By Adrian Bulat Samsung AI Center - Cambridge
By Yassine Ouali Samsung AI Center - Cambridge
By Georgios Tzimiropoulos Samsung AI Center - Cambridge

The Conference on Computer Vision and Pattern Recognition (CVPR) is an annual conference on computer vision and pattern recognition, which is regarded as one of the most important conferences in its field.

And CVPR considers a wide range of topics such as object recognition, image segmentation, motion estimation, 3D reconstruction, and deep learning related to computer vision and pattern recognition.

In this blog series, we are introducing some of our research papers at CVPR 2024 and here is a list of them.

#1. Multiscale Vision Transformers Meet Bipartite Matching for Efficient Single-Stage Action Localization (Samsung AI Center - Cambridge)

#2. FFF: Fixing Flawed Foundations in Contrastive Pre-training Results in Very Strong Vision-Language Models (Samsung AI Center - Cambridge)
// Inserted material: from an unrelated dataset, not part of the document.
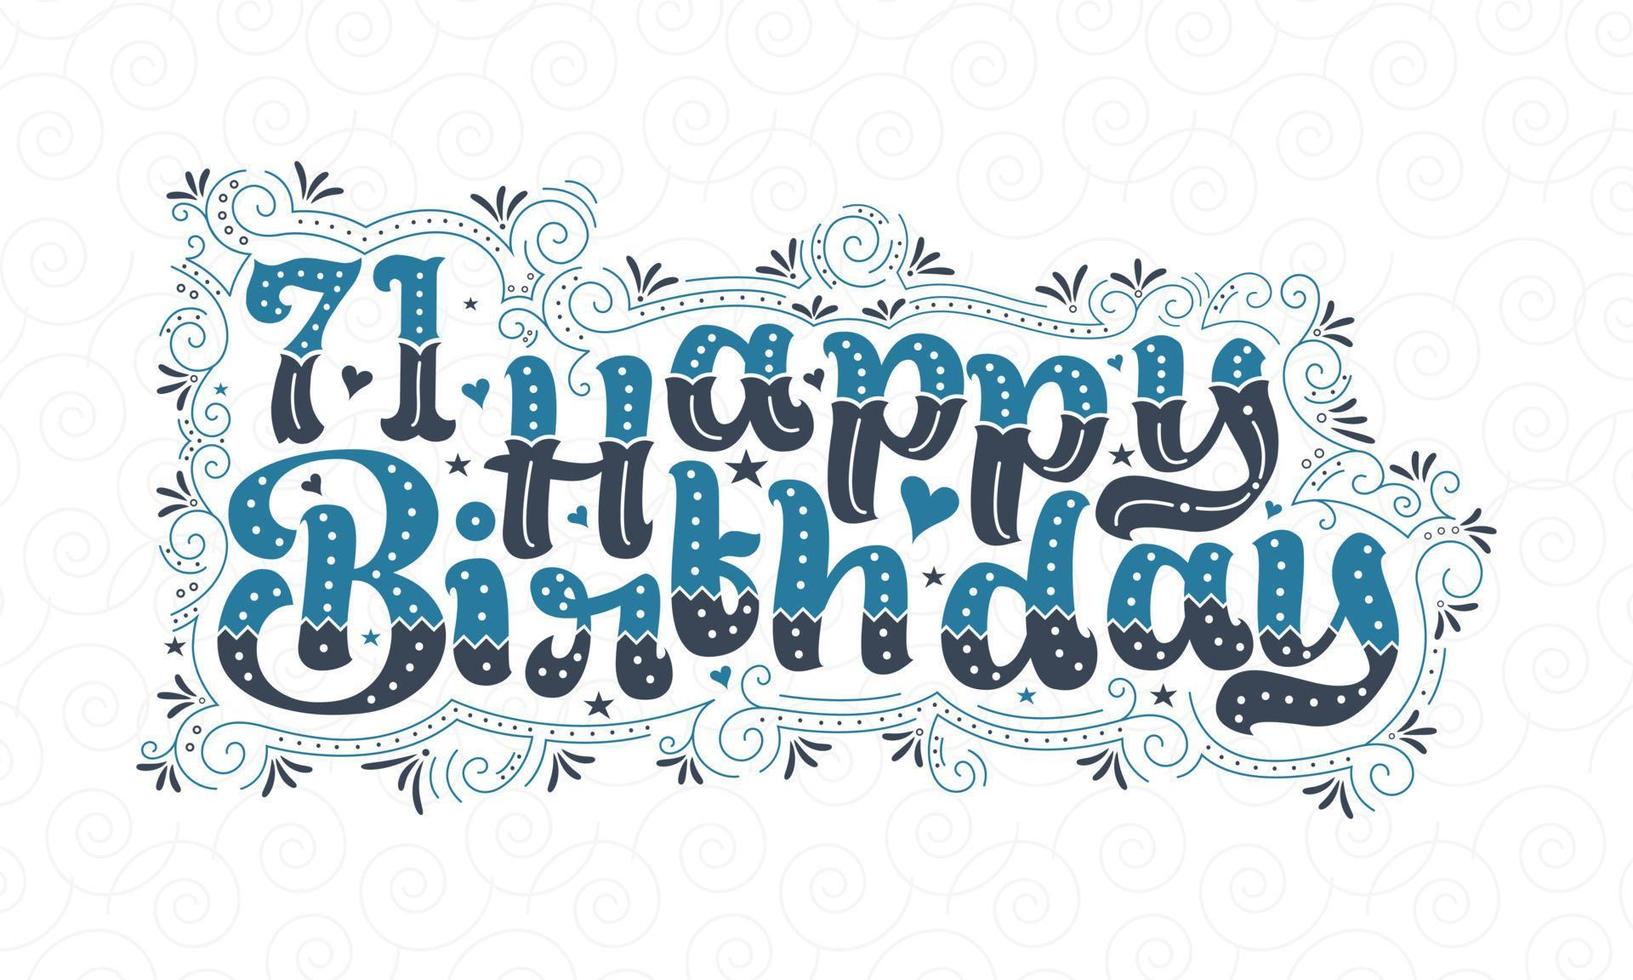 71:a grattis på födelsedagen bokstäver, 71 år födelsedag vacker typografi design med blå och svarta prickar, linjer och blad. vektor

#3. MR-VNet: Media Restoration Using Volterra Networks (Samsung R&D Institute India-Bangalore)


Large-scale contrastive image-text pre-training remains the prevalent method for training Vision-Language Models (VLMs) [1,2]. A key aspect behind the success of such approaches is the availability of vast amounts of web-collected data consisting of image-caption pairs, whereby the text associated with the images is often extracted from their corresponding HTML tags. Despite its scalability, these raw captions are frequently of low quality, impeding the training of VLMs and hindering their performance. Additionally, the VLMs are typically trained using very large batches, with the objective of maximising the similarity between each image and its associated collected caption, while simultaneously minimising the similarities with the rest of the samples from the batch. However, this one-to-one relationship assumption is generally incorrect, as it is likely that captions associated with other images can also correctly describe the current image. Intuitively, there are both many ways of describing a given image while also being likely that some images share semantic similarities. As such, spurious false negative pairs occur and they can make the training noisy and less efficient.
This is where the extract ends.